Morgan Stanley predicts that mobile Internet use will overtake desktop Internet use by 2014. But, as many IT managers will tell you, we’re already at the mobility tipping point.
Back when the first BlackBerrys and Palm Treos were released in 2002 and 2003, smartphones represented a huge advantage for workers who conducted most of their business out of the office, such as realtors, consultants, and mobile sale forces. Workers and businesses alike gained power and accessibility through mobile storage capacity and enough processing power that workers could send and receive email from anywhere.

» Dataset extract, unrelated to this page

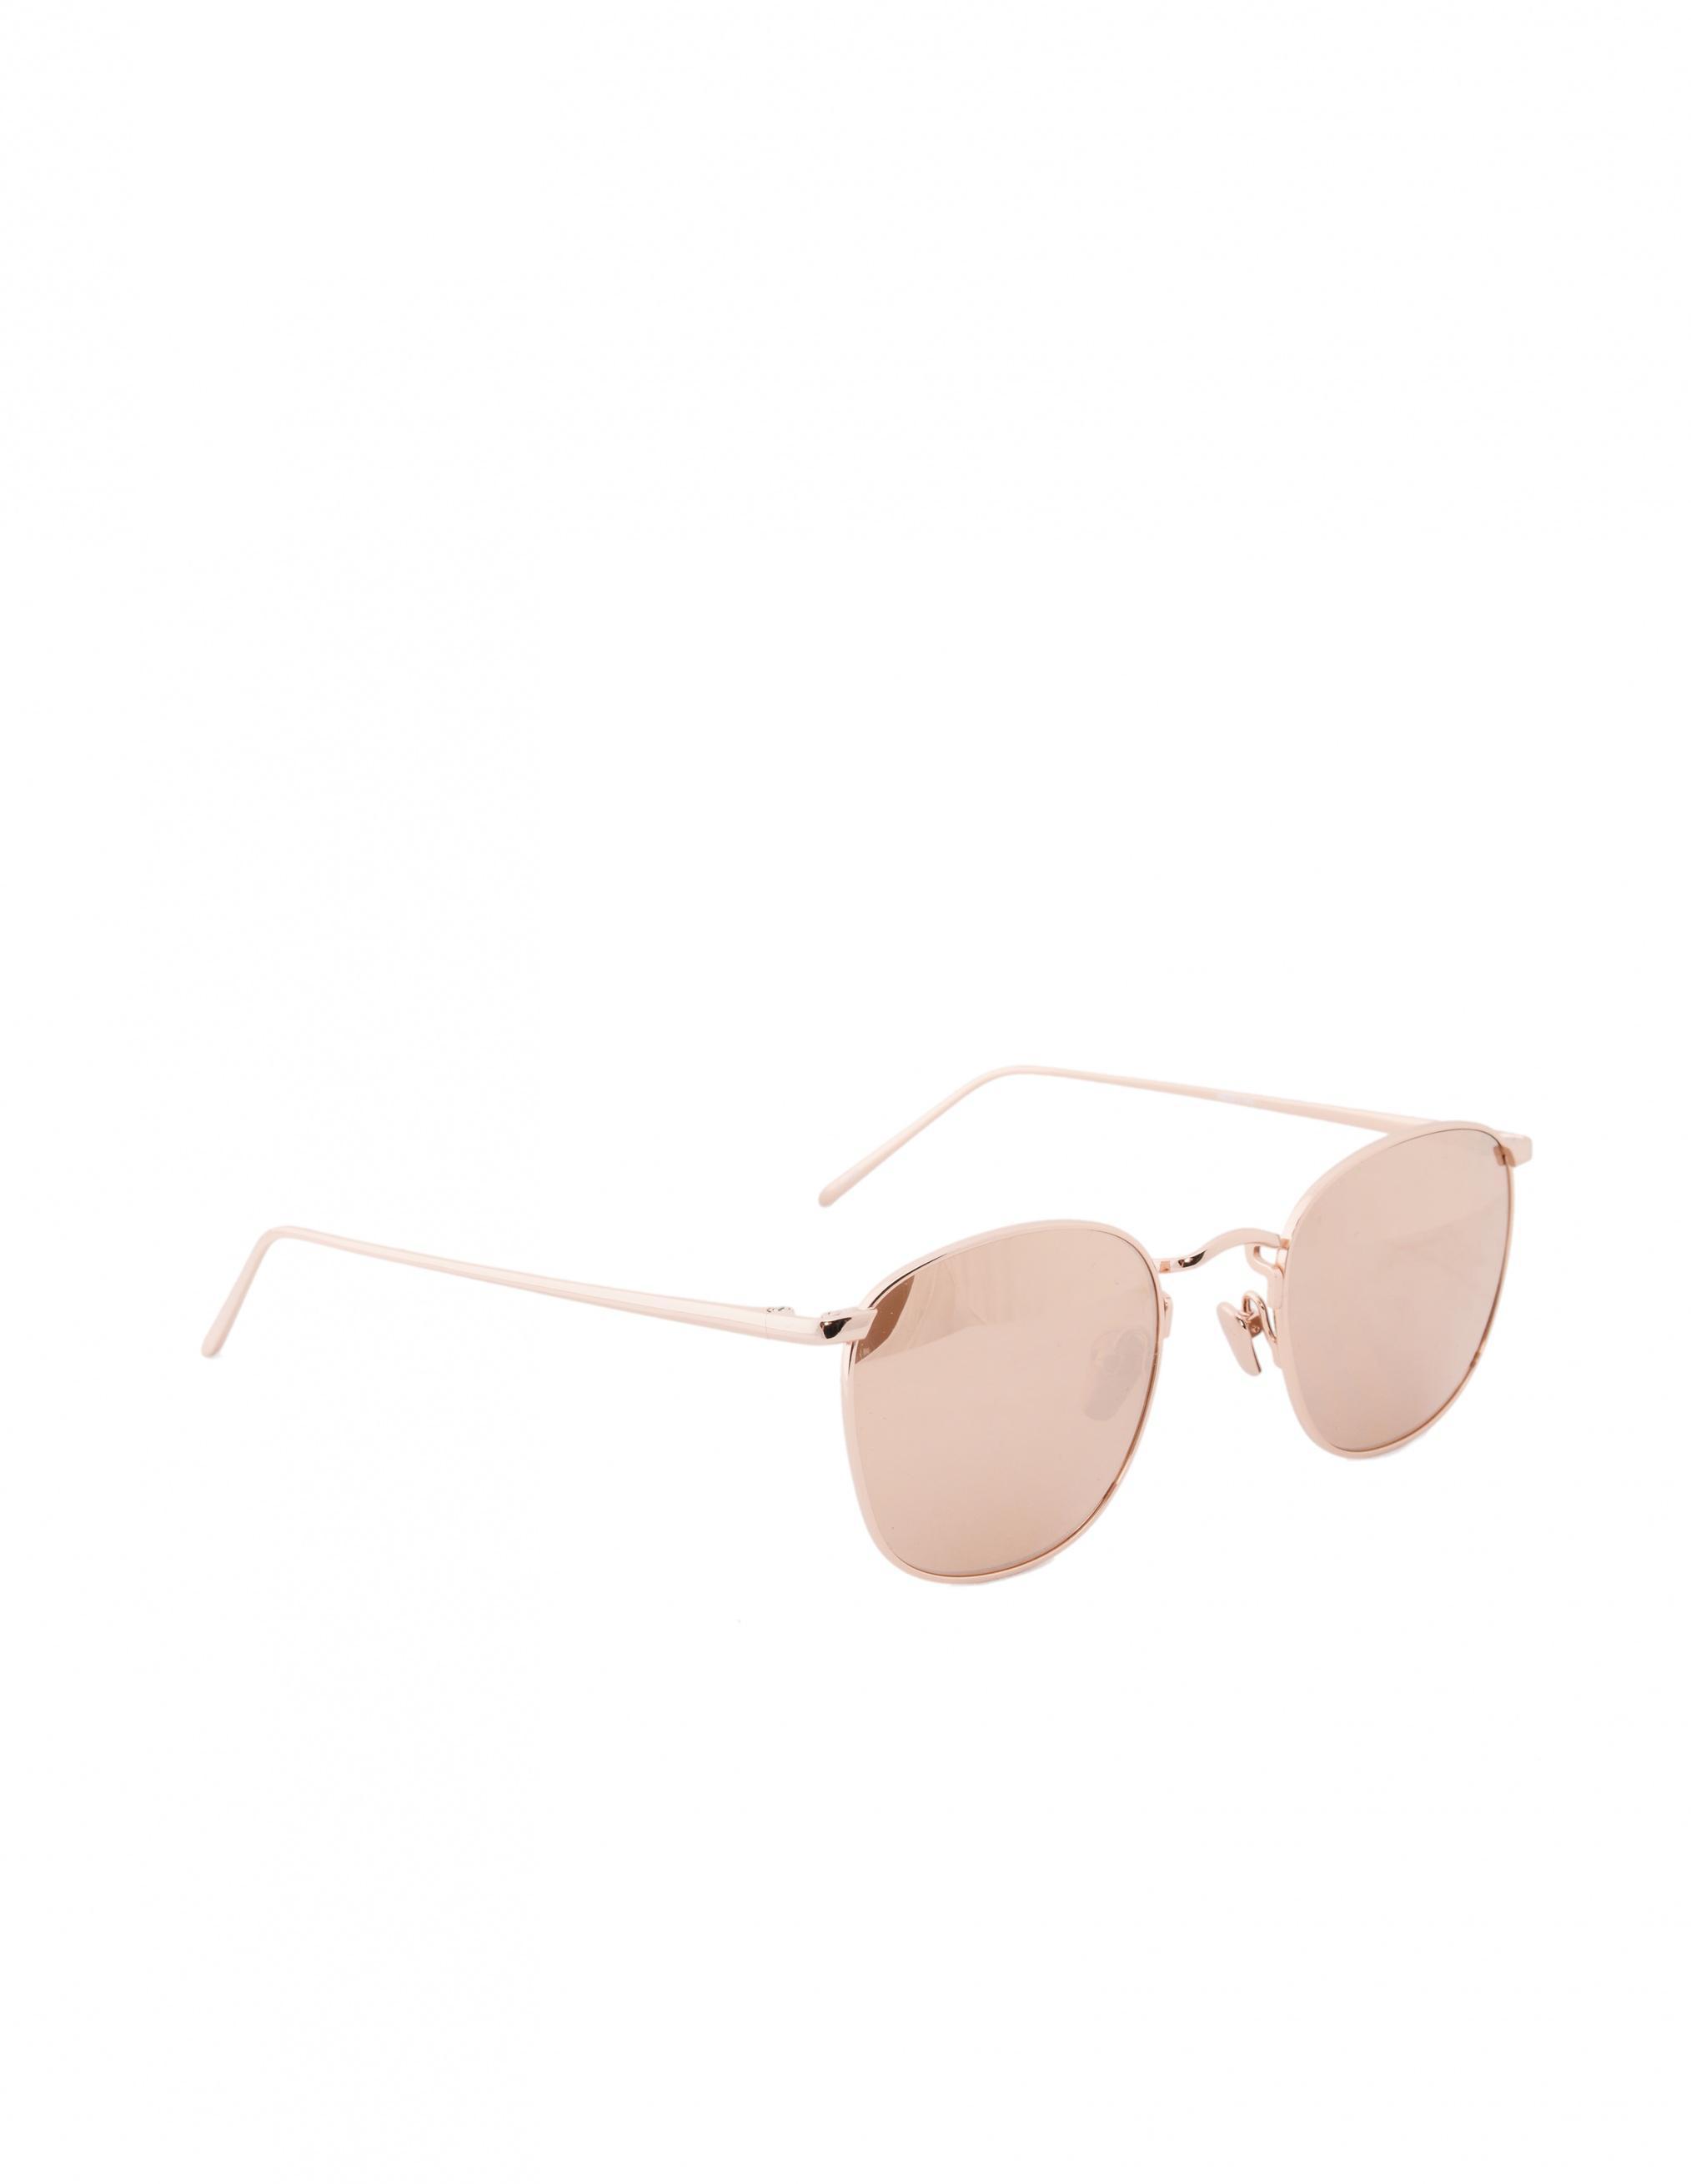 a52f4e38478 Lyst - Linda Farrow Luxe Sunglasses - Save 30.687830687830683%

However, when Apple’s first iPhone came out in 2007, many companies told their employees that the device wasn’t appropriate for the workplace. This created a big question: is restricting use of new mobile technologies in the workplace a good idea? Barring iPhones in the workplace was ineffective because workers used their iPhones anyway. Years of mobile technology incursion and adoption in the workplace have shown that denying workers access to their mobile technology of choice isn’t just a bad idea, it doesn’t work.
Higher and steady mobile technology adoption rates paint a picture of mobile device proliferation pervasive in every area of life, especially in the workplace.
Tighter enforcement of existing IT polices is not an answer. In March of this year, a Fiberlink/Harris Interactive survey of 1,347 employed adults ages 18 and over found that 12 percent of U.S. workers—more than one in ten—admit to knowingly violating their company’s IT policy. Violations include using unapproved equipment and personal devices, like the iPhone, to get work done.
Ironically, the introduction of the iPad is proving that acceptance of new technology is the key to solving IT policy violations and security breaches. Today, according to the Wall Street Journal, companies such as Mercedes-Benz Financial, Bausch & Lomb Inc., and Kaiser Permanente are purchasing and integrating iPads in anticipation of demand for the technology. The iPad tablet brings many advantages to business including greater mobility, a longer-lasting battery, and faster start speeds. Integration of technology ahead of worker demand is a dramatic departure from IT policy eight years ago and hints at where mobility management is headed.
How did we get here?
It’s unheard of: mere workers, with no training or technology background, are seeking out new technologies, adapting them for their work styles and demanding new IT policies and budgets. This IT policy control shift has created a continual cycle of catch-up in most IT departments.
There are several drivers behind the IT policy control shift.
1. The Facebook Effect The convergence of the new mobile lifestyle has blurred the lines between work and play. For example, workers no longer use their smartphones to just access work email, they also stay in touch with their friends and families on social networks on their mobile devices while at work. A survey released by Nucleus Research in July found that (1) 77 percent of workers who have a Facebook account use it during work hours, and (2) Facebook usage causes an average loss of 1.5 percent in total employee productivity. More than 150 million users access Facebook through their mobile devices. More troublesome for employers, people who access Facebook on their mobile device are twice as active on Facebook as non-mobile users.
New mobile usage patterns blend the personal and professional life often in direct violation of IT policies.
2. The Ubiquitous Always-on Employee Over the last eight years we’ve seen the end of the eight hour workday. Workers need and want to work wherever they are at all hours of the day and on the weekends. The end of the eight-hour workday and the advent of more flexible schedules are generally considered a good thing. But while flexibility leads to happier and more productive workers, those workers’ ability to access their company’s network from anywhere can lead to security breaches.
3. The Technology Treadmill Whether it is the iPad, the new Droid phones from Google, or Windows 7 phones, the mobile technology cycle gets shorter every year. Not only does existing technology advance every year, entirely new mobile technology is invading the workplace every six months. This has forced IT departments to approach the problem reactively rather than proactively. As soon as new technology is presented to IT departments by workers, IT departments are in a game of catch-up to meet worker demand.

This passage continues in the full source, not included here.